Exercise goal: Omit all pictures, then retype the data exactly as given.

Stored data:
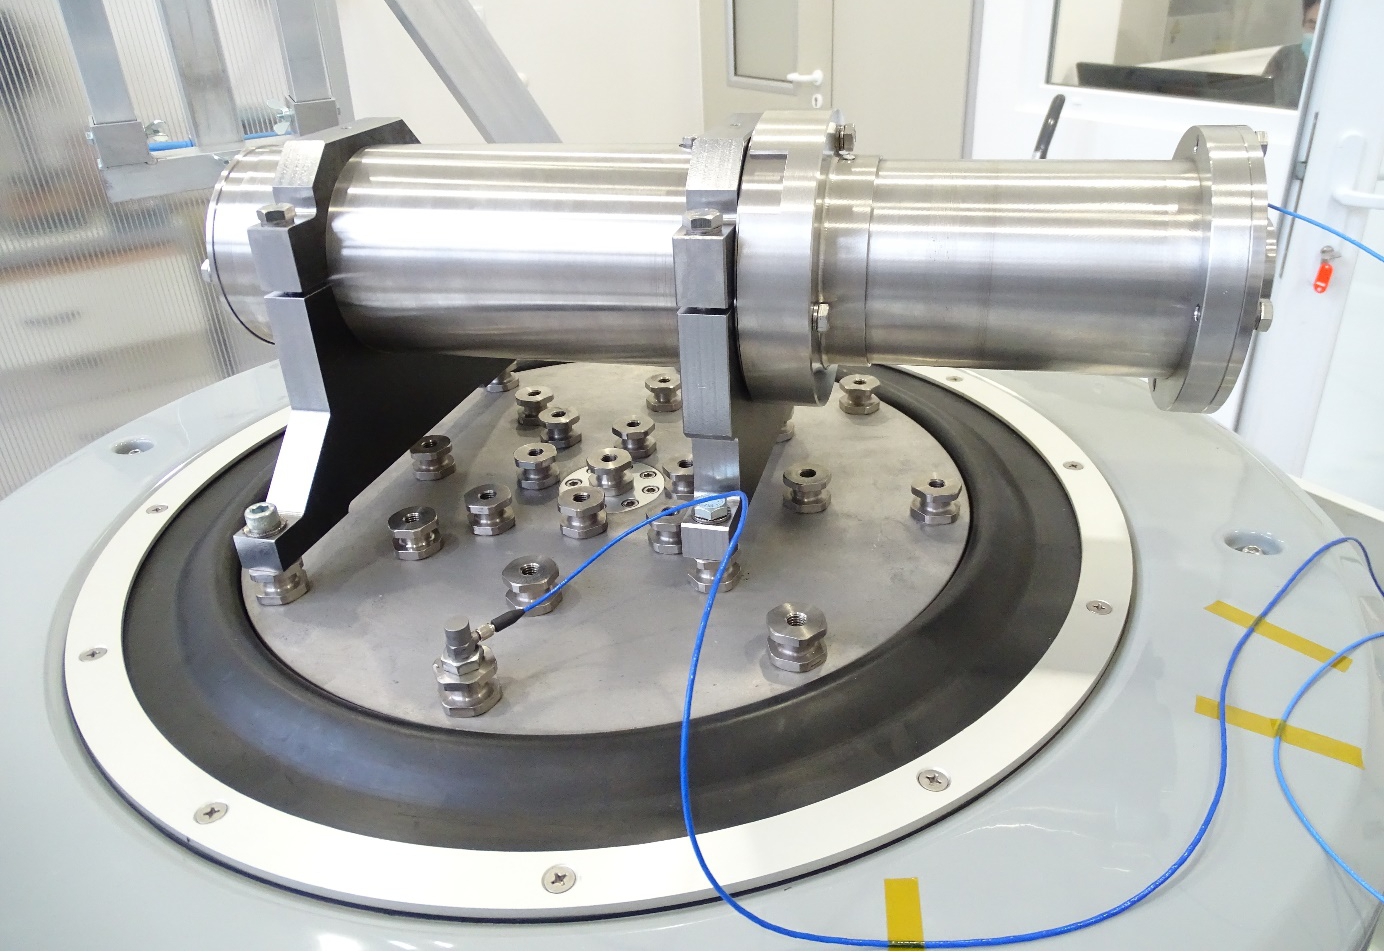 Model lens assembly fixed to the vibration table
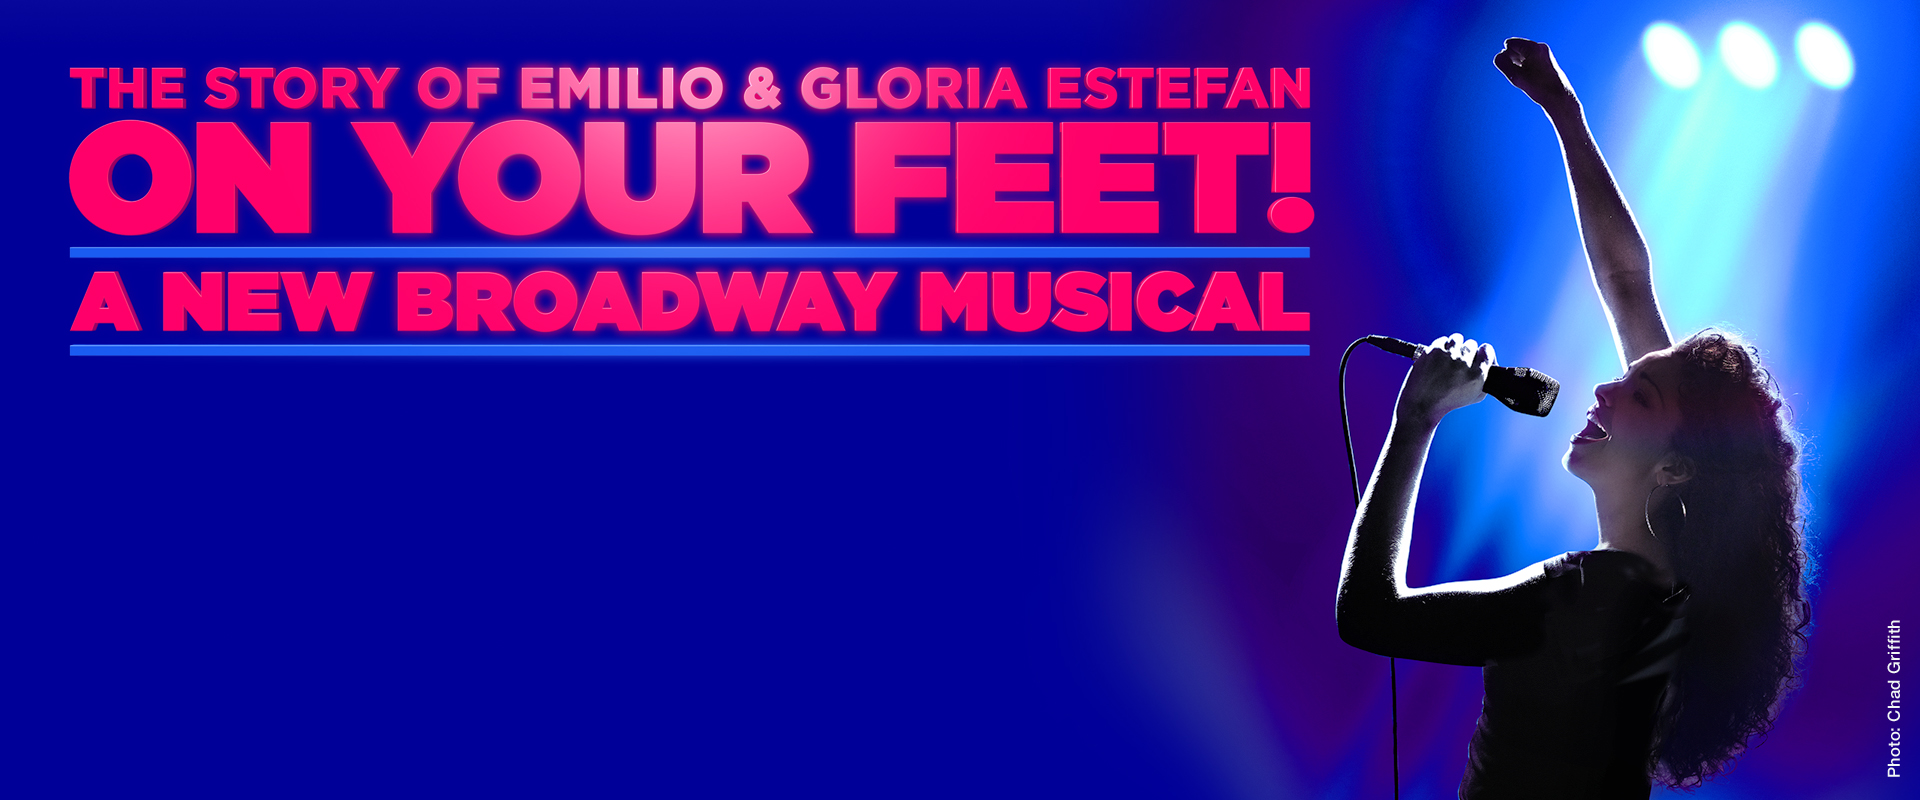 On Your Feet image
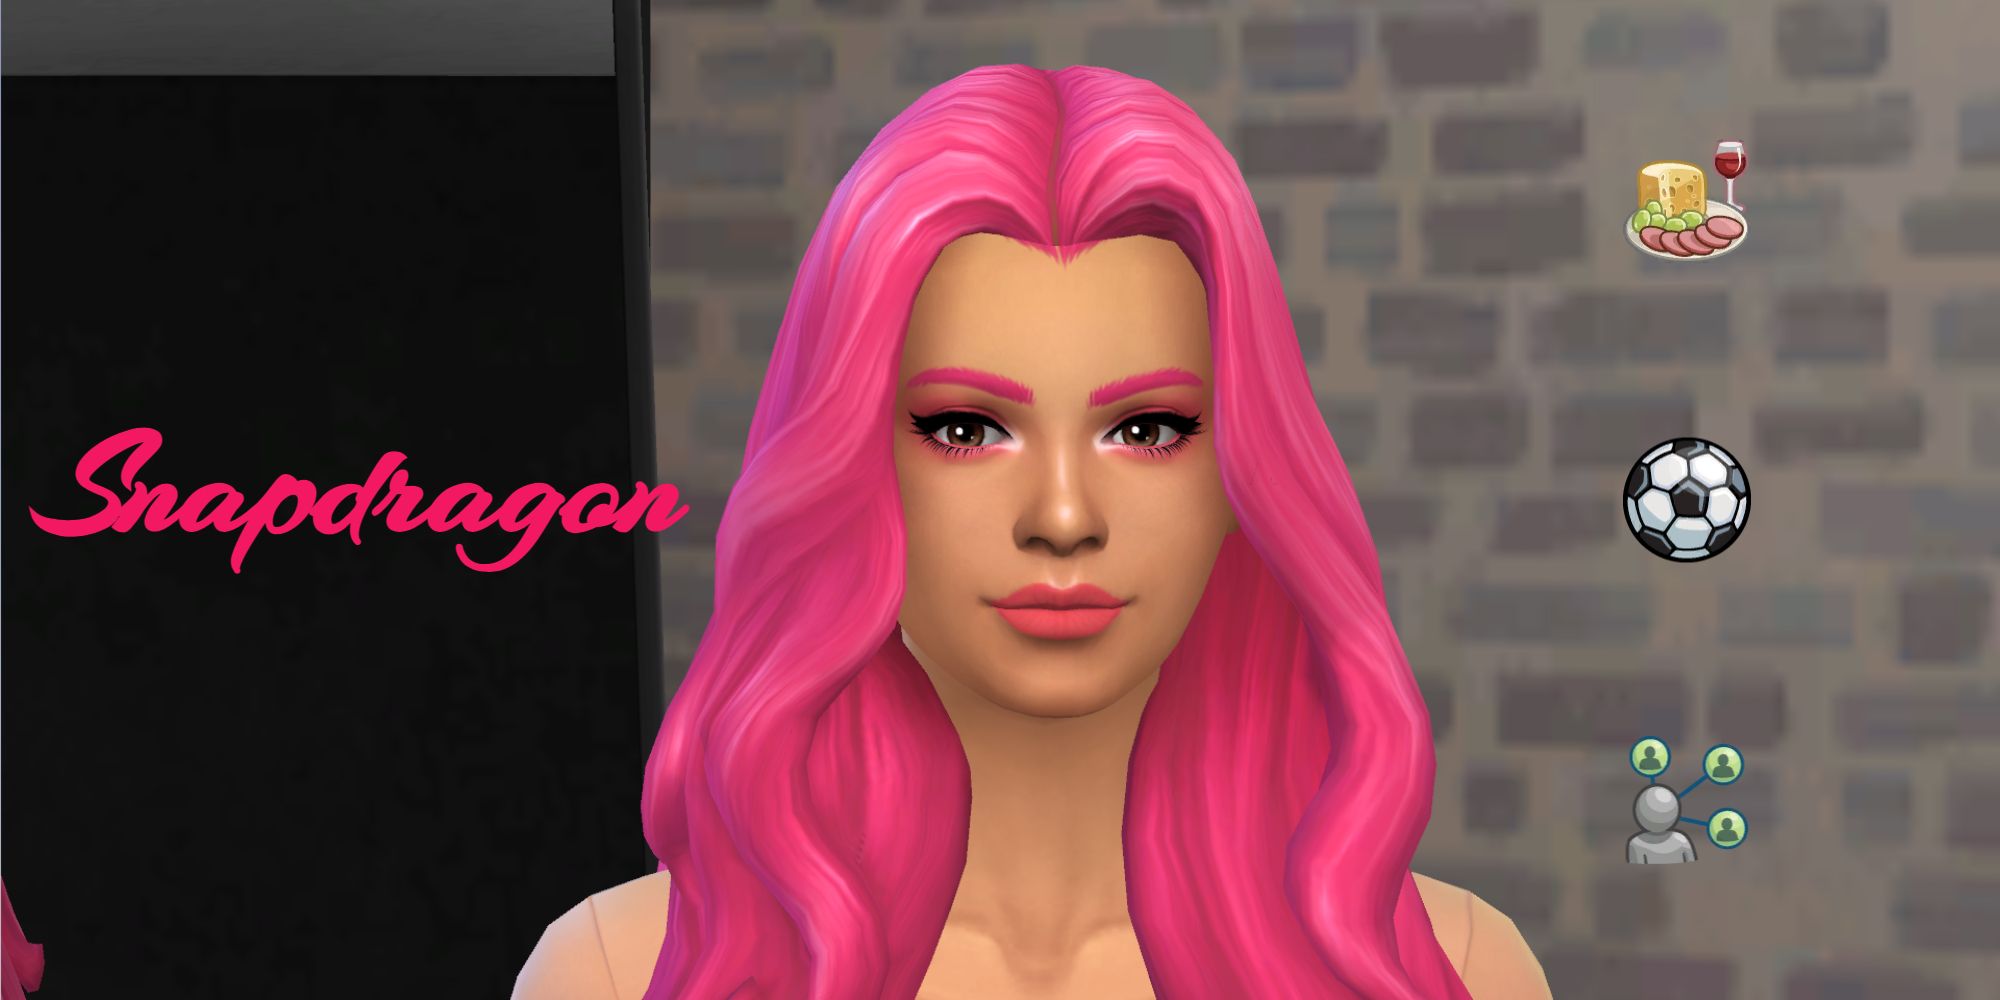 A hot pink-haired Sim from the snapdragon generation

Answer for the task:
 Model lens assembly fixed to the vibration table
 On Your Feet image
 A hot pink-haired Sim from the snapdragon generation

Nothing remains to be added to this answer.